***** Dataset content
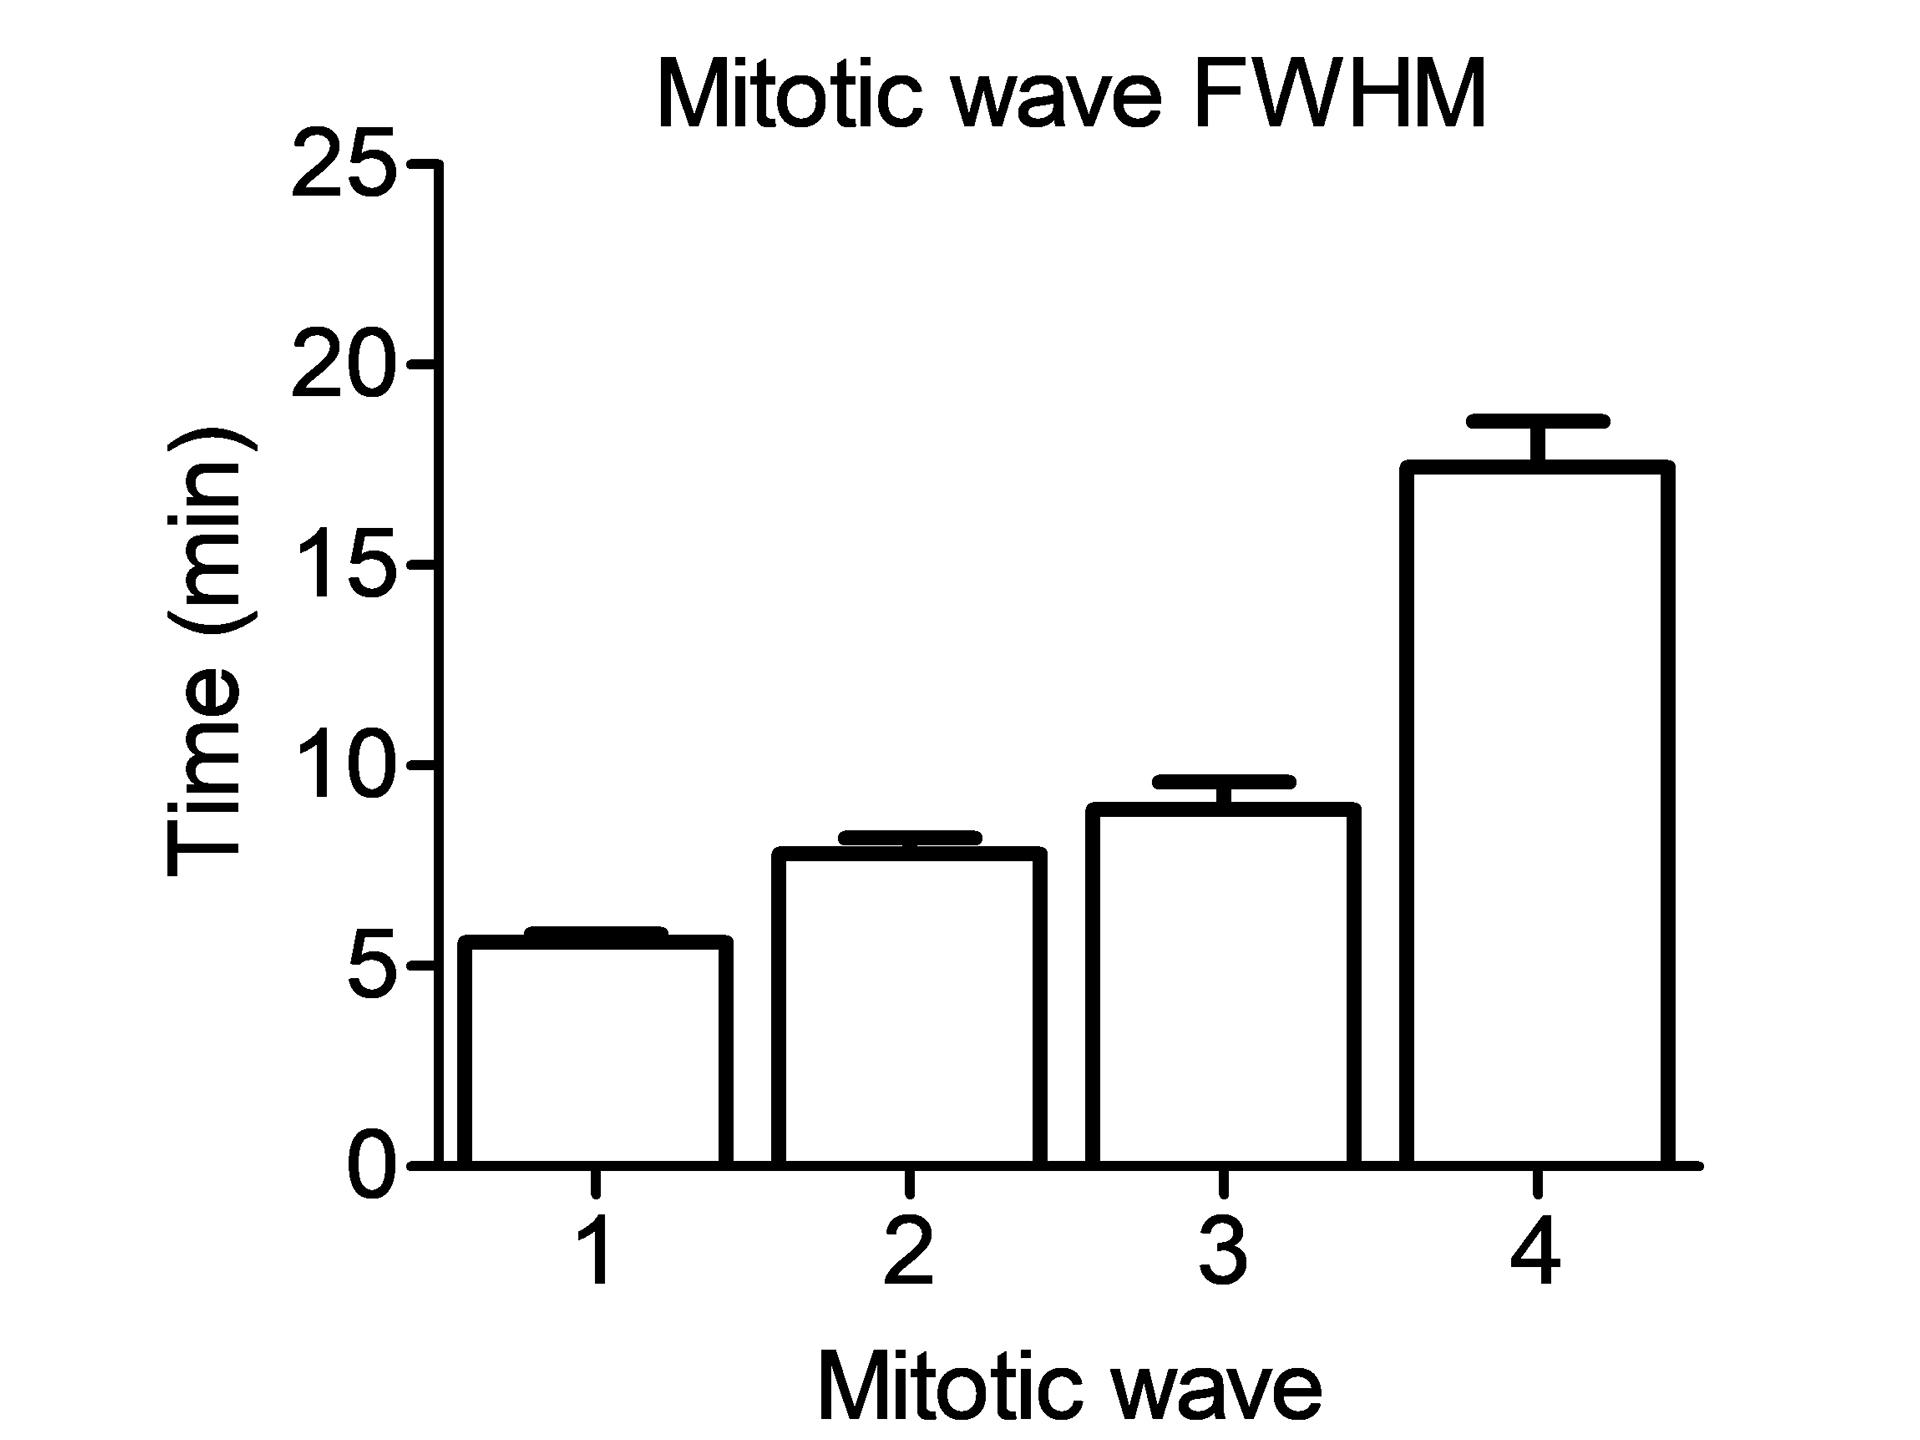 Figure 3C: Full Width at Half Maximum (FWHM) measurement for mitotic waves.
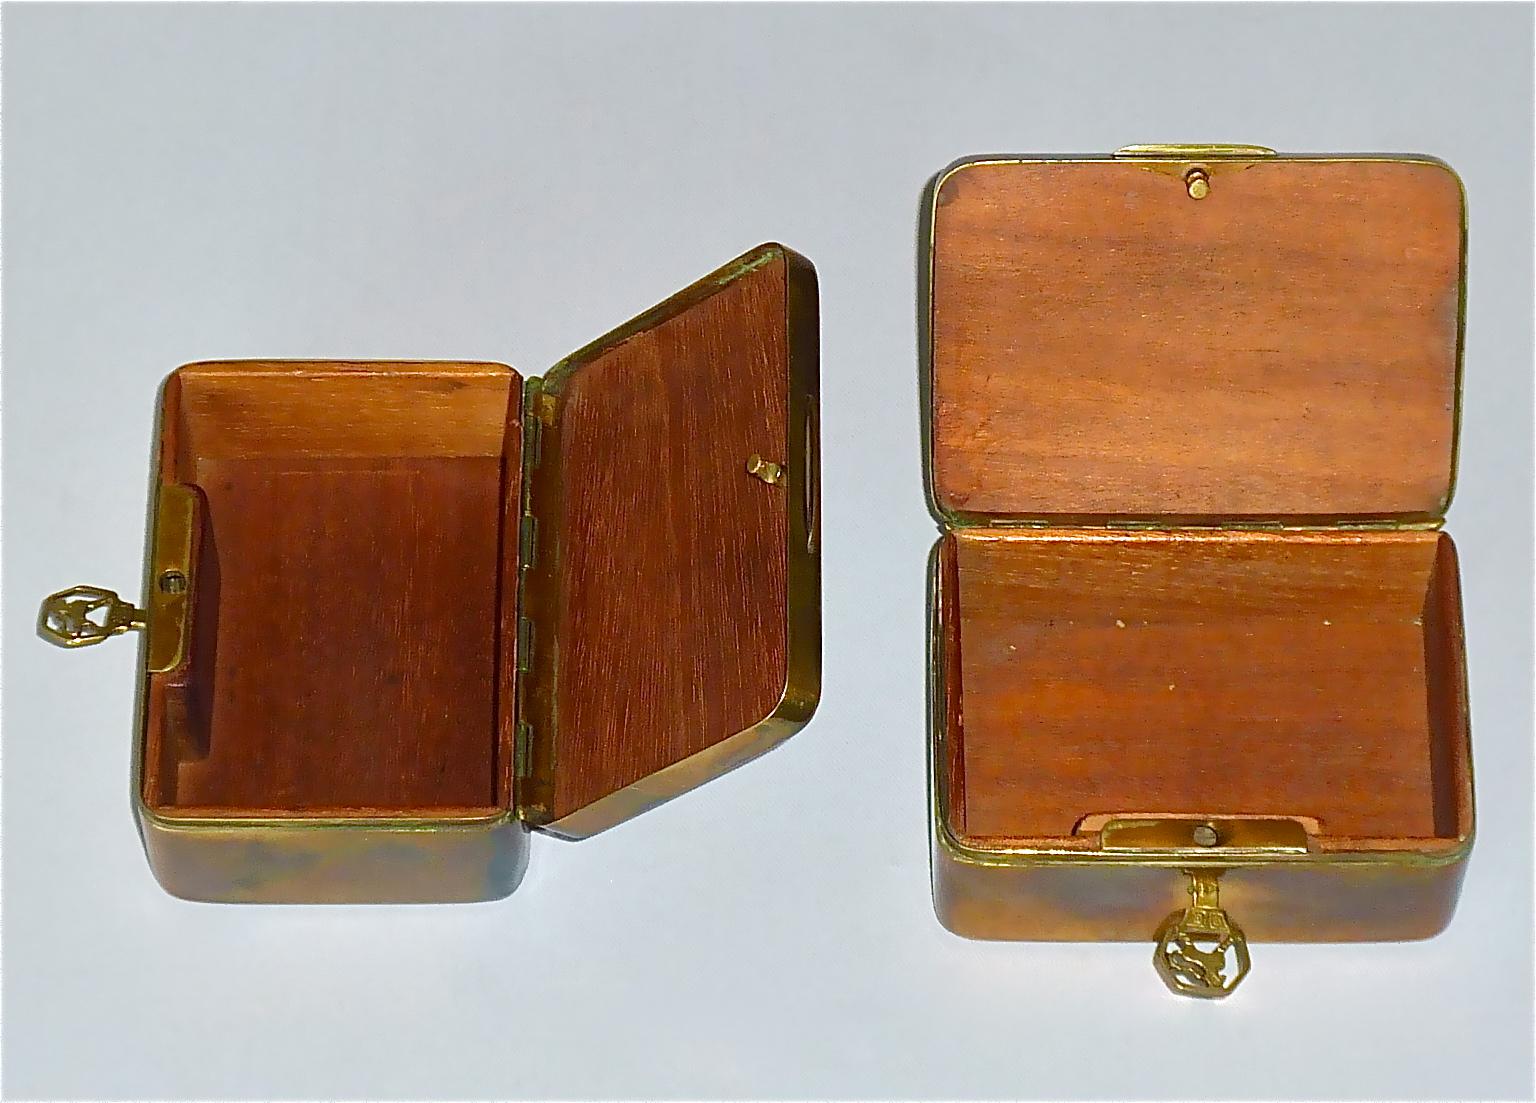 Pair Signed Erhard Sohne Trinket Casket Box Casket Original Keys Brass Wood 1900 For Sale 1
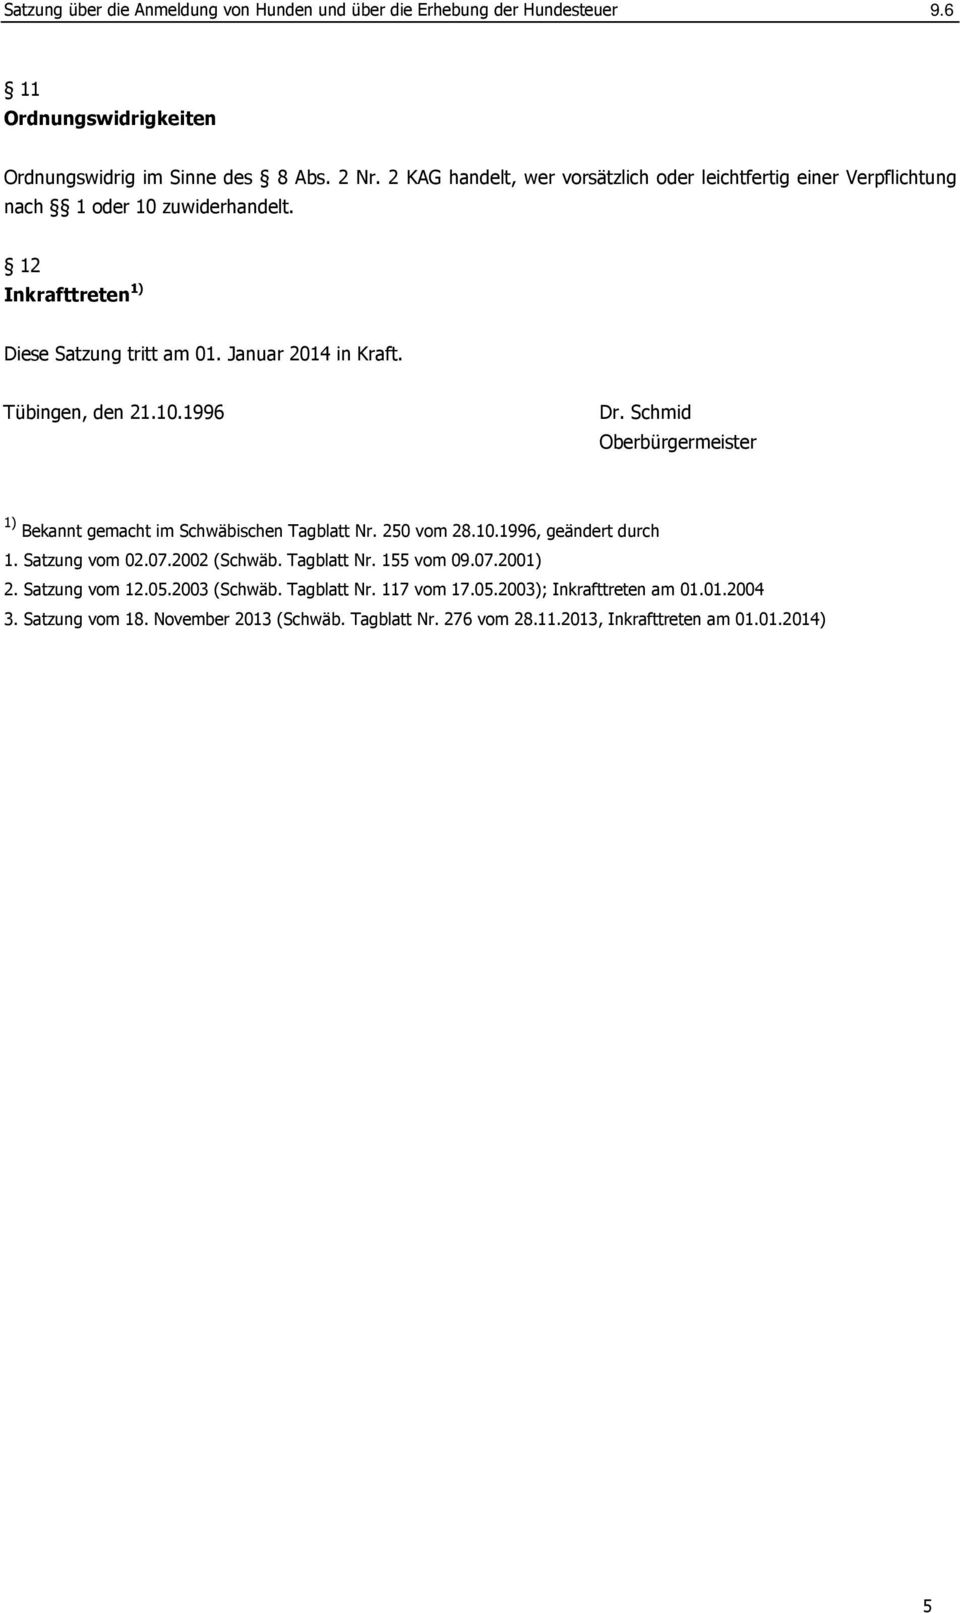 Tübingen, den 21.10.1996 Dr. Schmid Oberbürgermeister 1) Bekannt gemacht im Schwäbischen Tagblatt Nr. 250 vom 28.10.1996, geändert durch 1. Satzung vom 02.07.2002 (Schwäb.
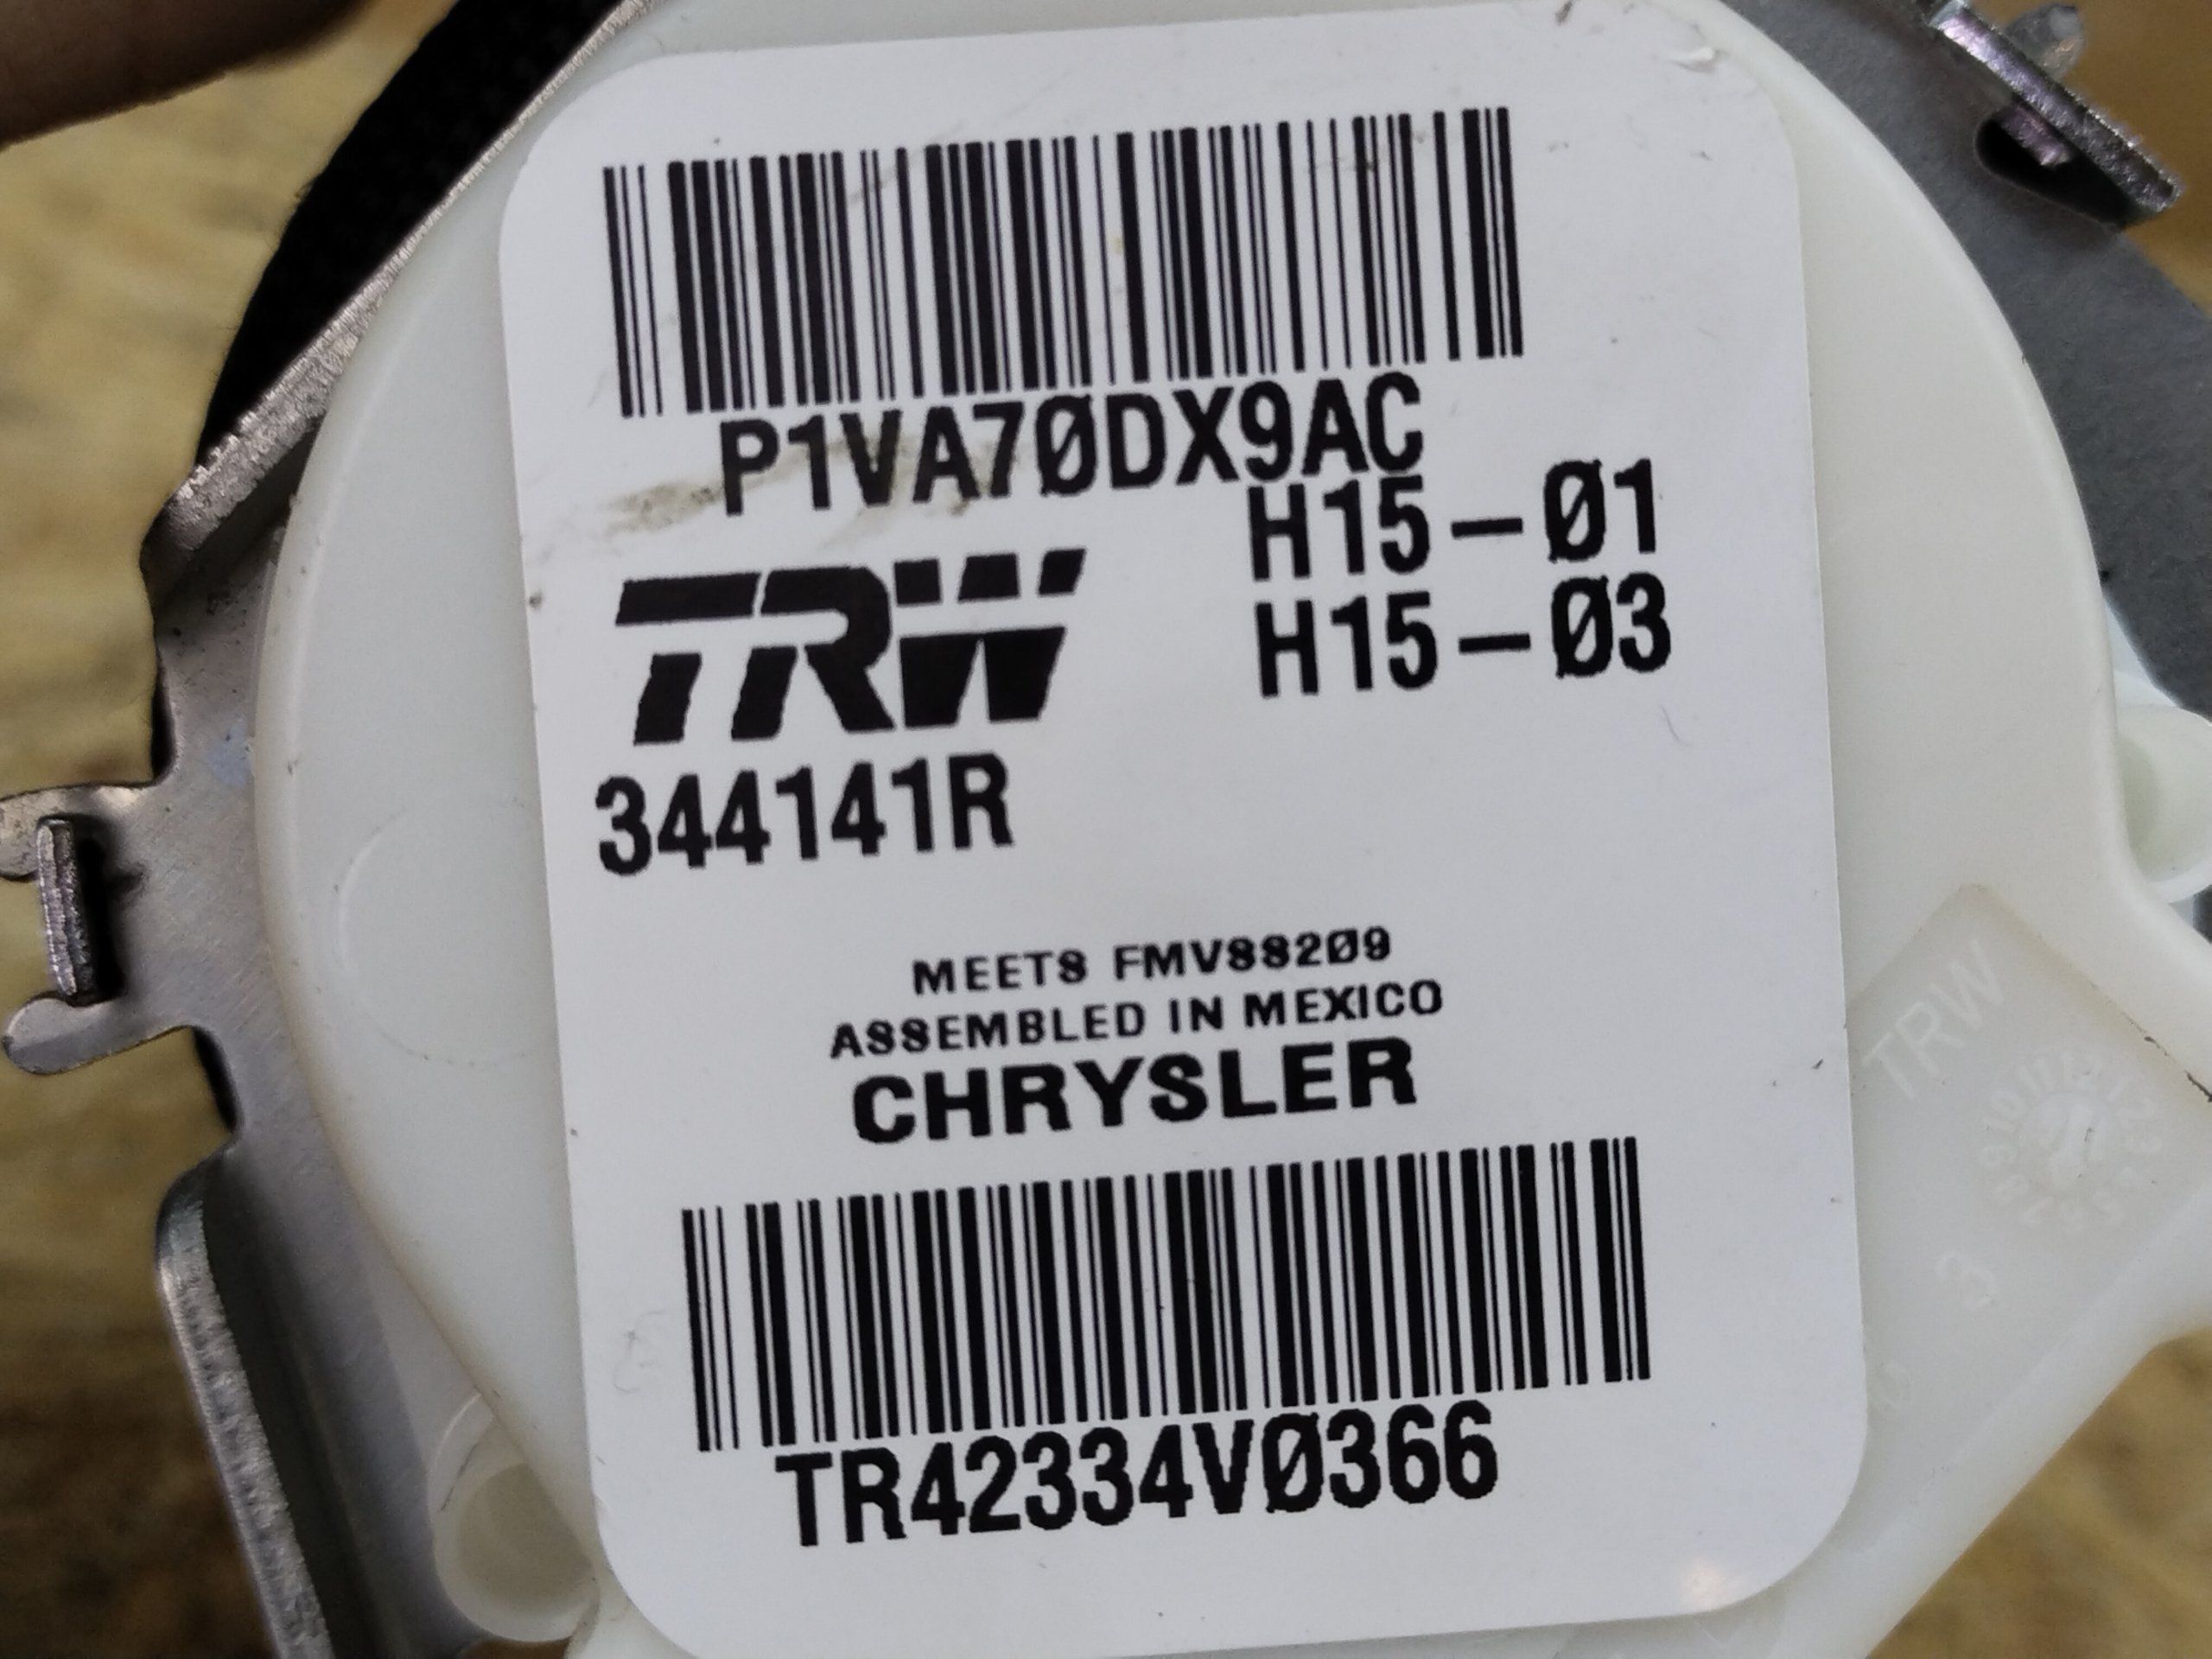 Chrysler 200 2014-2017 ремень безопасности задний правый P1VA70DX9AC
**********
Exercise –
Could the data above be repeated exactly, with every picture dropped?

Written solution –
 Figure 3C: Full Width at Half Maximum (FWHM) measurement for mitotic waves.
 Pair Signed Erhard Sohne Trinket Casket Box Casket Original Keys Brass Wood 1900 For Sale 1
 Tübingen, den 21.10.1996 Dr. Schmid Oberbürgermeister 1) Bekannt gemacht im Schwäbischen Tagblatt Nr. 250 vom 28.10.1996, geändert durch 1. Satzung vom 02.07.2002 (Schwäb.
 Chrysler 200 2014-2017 ремень безопасности задний правый P1VA70DX9AC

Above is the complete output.